The Turkish healthcare system has undergone substantial change since a sweeping reform programme was implemented in 2003 to make healthcare more accessible. At the time, 64% of the Turkish population had health insurance. Today, that share has risen to 87%. Through social security schemes, citizens have free access to primary and secondary healthcare. One of the effects of this has been an improvement in major health indicators. Since 2003, life expectancy has increased 2.3 years to 74.6 years and infant mortality rates have fallen. Patients in Turkey visit physicians eight times a year – more frequently than in peer countries. High demand for services has placed stress on the system. On a per-capita basis, Turkey has only half the number of physicians compared to Europe as a whole.
For many people with diabetes, insulin is life-saving. There has been great progress since the first isolation of insulin in 1921. The pace of product innovation is accelerating; today, patients have more choice and greater flexibility in treatment than they had even 15 years ago. Still, with HbA1c levels high, there is a need for innovative and tailor-made solutions where public and private organisations work together.
The major goal in treating type 1 and type 2 diabetes is to control blood sugar (glucose) levels within the normal range, with minimal excursions to low or high levels. Type 1 diabetes is treated with insulin, exercise and type 1 diabetes diet. Type 2 diabeted treated firstly with weight reduction, type 2 diabetes diet and exercise. Oral medications are prescribed when these measures fail to control the elevated blood sugars of type 2 diabetes. If oral medications become ineffective treatment with insulin is initiated. When considering an ideal diabetic diet, a number of factors must be taken into consideration, including the amount and type of carbohydrates consumed as well as the amount of fiber, fat, and protein contained in foods. Glycemic index and glycemic load are further considerations. Foods with low glycemic index and load raise blood sugar more slowly than high glycemic index/load foods. Glycemic index refers to a standardized measurement, while glycemic load takes a typical portion size into account.

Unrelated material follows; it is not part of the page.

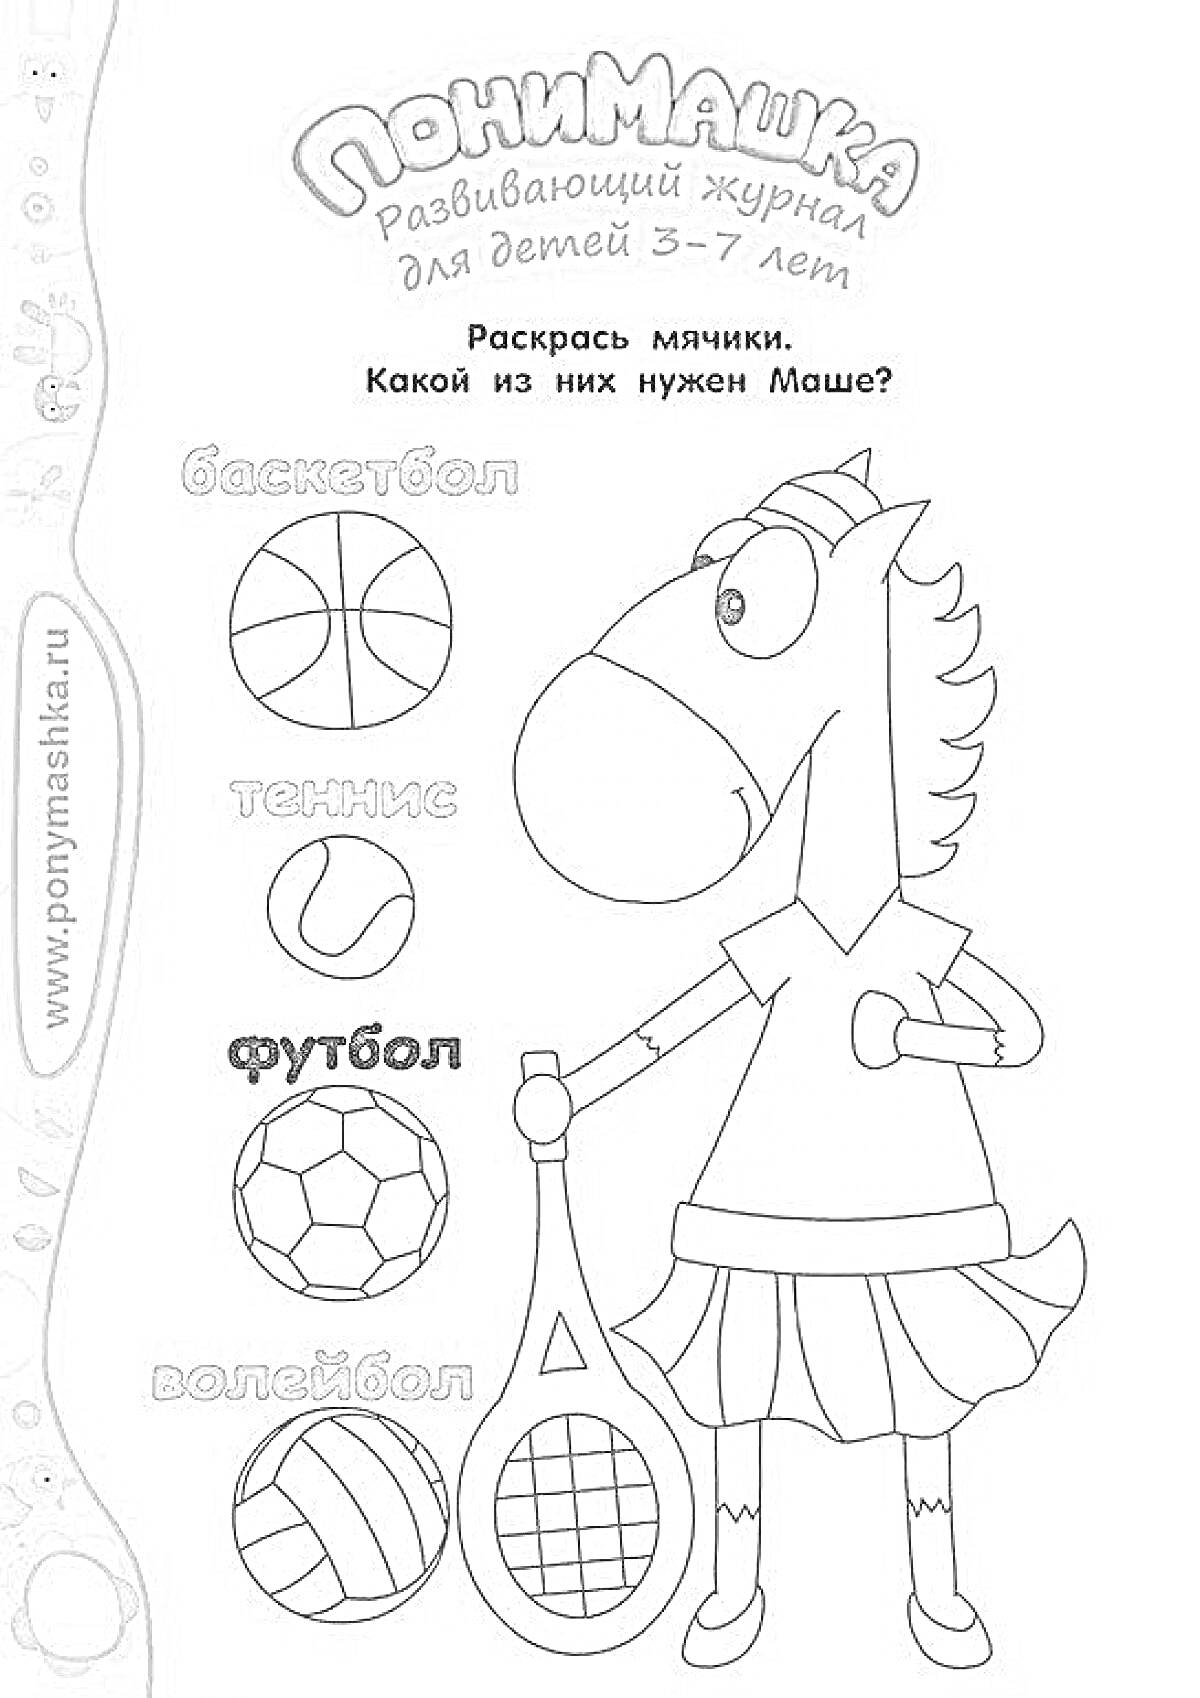 Раскраска ПониМашка развивающий журнал для детей 3-7 лет - Раскрась мячики. Какой из них нужен Маше? Баскетбол, теннис, футбол, волейбол

Weight reduction and exercise are important treatments for type 2 diabetes. Weight reduction and exercise increase the body's sensitivity to insulin, thus helping to control blood sugar elevations.

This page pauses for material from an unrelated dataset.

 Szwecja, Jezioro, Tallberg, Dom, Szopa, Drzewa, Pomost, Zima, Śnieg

Finally, varying combinations of medications can control diabetes. Newer medications allow tailoring of treatment options to meet individual needs. Not every patient with type 2 diabetes will benefit from every drug, and not every drug is suitable for each patient. Patients with type 2 diabetes should work closely with their health-care professionals to achieve an approach that provides the greatest benefits while minimizing risks and adverse events. People with diabetes must remember the importance of diet and exercise. Control of diabetes begins with a healthy lifestyle, regardless of prescribed medications.